Statistically significant differences between non-biomarker-supplement users and biomarker-supplement users were found for urine excretion of apigenin, eriodictyol, naringenin and hesperetin, and for the plasma concentration of lutein and β-carotene (P < 0.05 for all). No differences in fruit and vegetable intake were found between biomarker-supplement users and non-biomarker-supplement users.

Correlations between biomarkers and food intake

The correlations were generally stronger between biomarkers and FD results than between biomarkers and FFQ results (Table 3). However, there were no significant differences (Fisher's exact test) between the proportion of subjects classified into the same or adjacent quintiles by biomarkers and those classified by either of the dietary assessment methods (Table 4). Significantly increased biomarker levels were found across increasing quintiles of intake of the corresponding fruit and vegetable groups.

Table 3 Correlations between intake of fruit and vegetables determined by dietary methods (FFQ and FD) and biomarkers (BM)

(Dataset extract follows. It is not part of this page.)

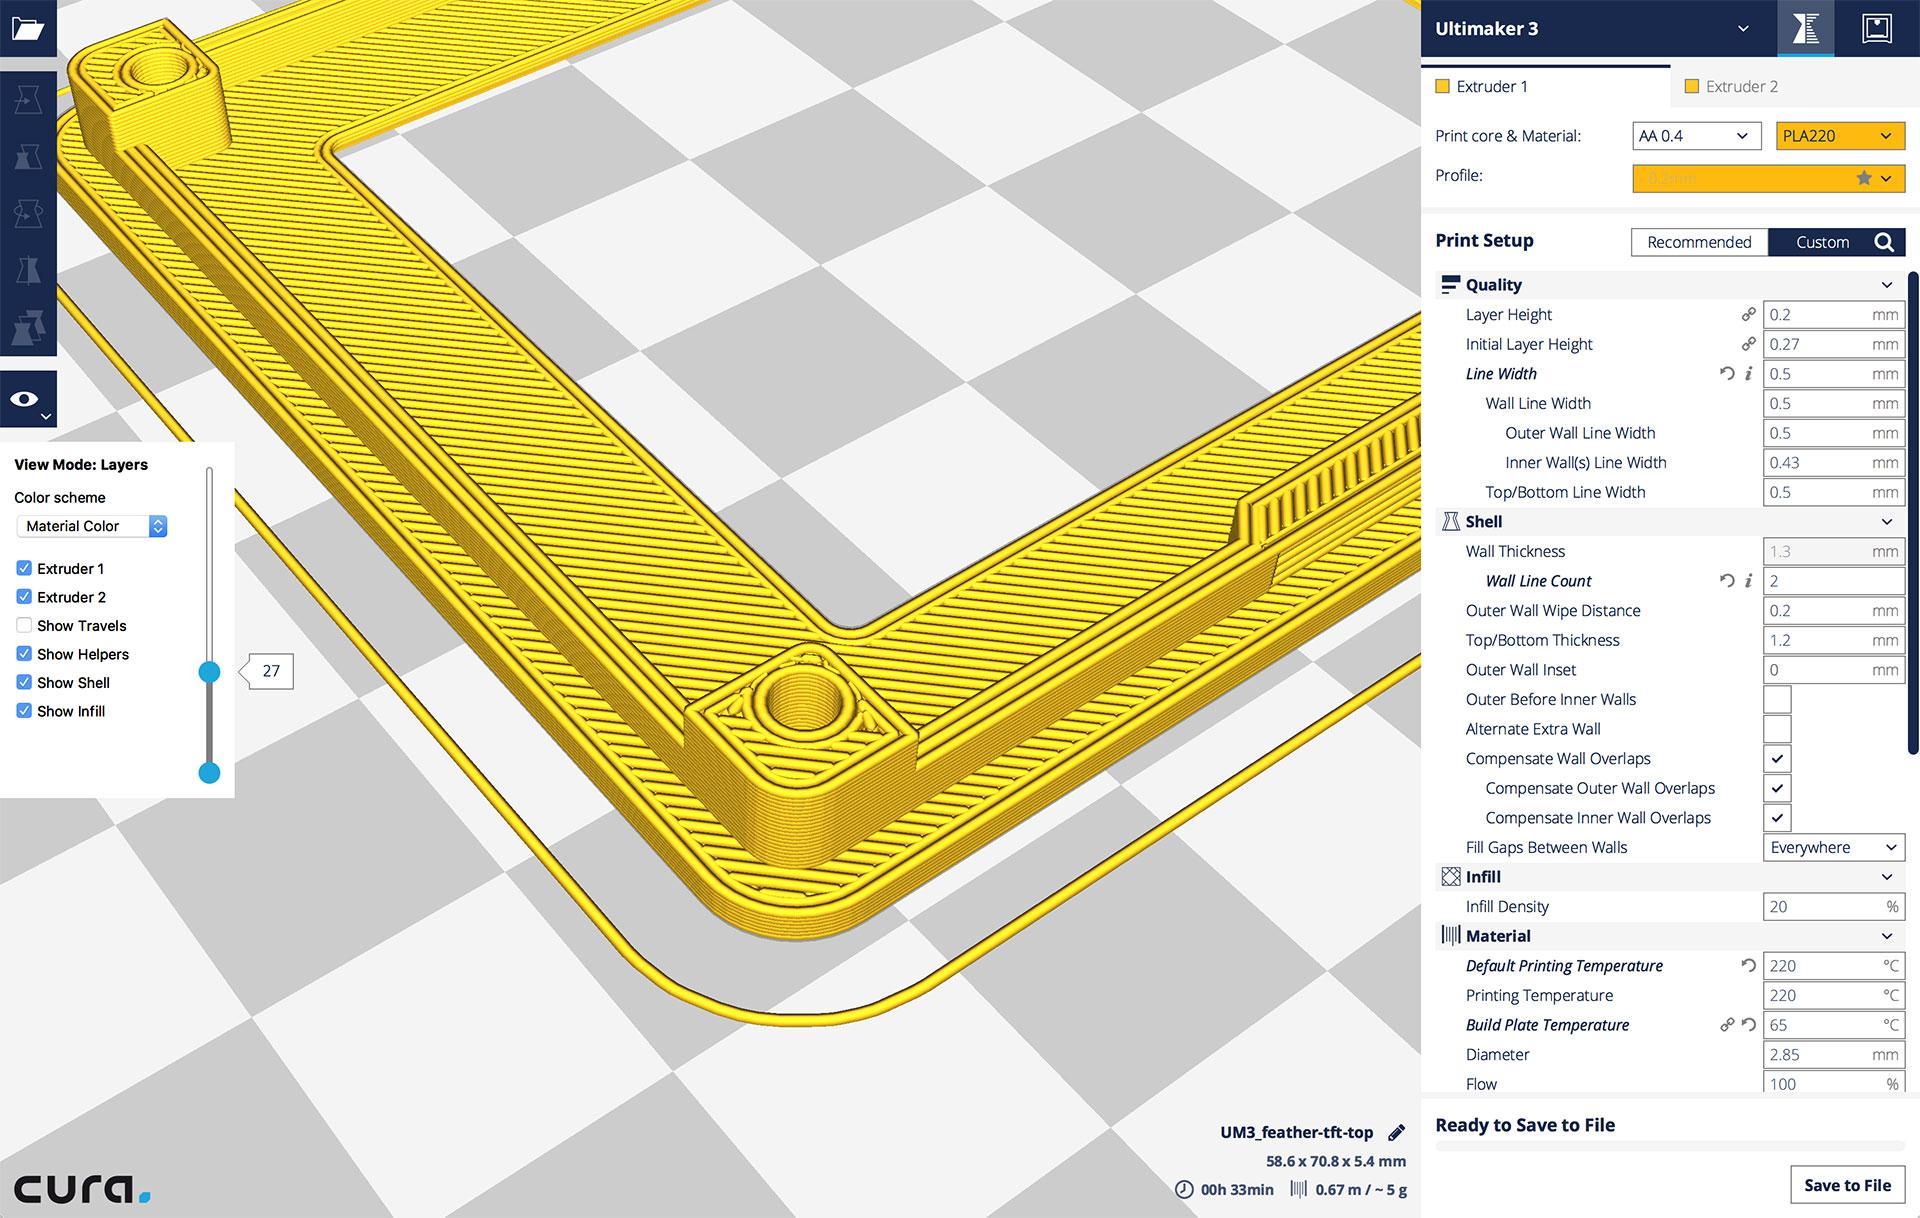 3d_printing_cura-2-5-xray.jpg

FFQ – food frequency questionnaire; FD – food diary; SumFJV1 – sum fruits, fruit juices and vegetables except potatoes; sum citrus flavonoids – sum of eriodictyol, naringenin and hesperetin; sum isoflavonoids – sum of genistein and daidzein; sum flavonoids – all flavonoids measured except isoflavonoids; SumIT – sum of isorhamnetin and tamarixetin.

Correlations are reported for non-biomarker-supplement users (n = 99 for flavonoids and n = 106 for carotenoids) and for all participants (n = 119).

* P < 0.05.

** P < 0.01.

Table 4 Cross-classification of subjects by quintiles based on food-frequency questionnaire (FFQ), biomarkers (BM) and food diary (FD)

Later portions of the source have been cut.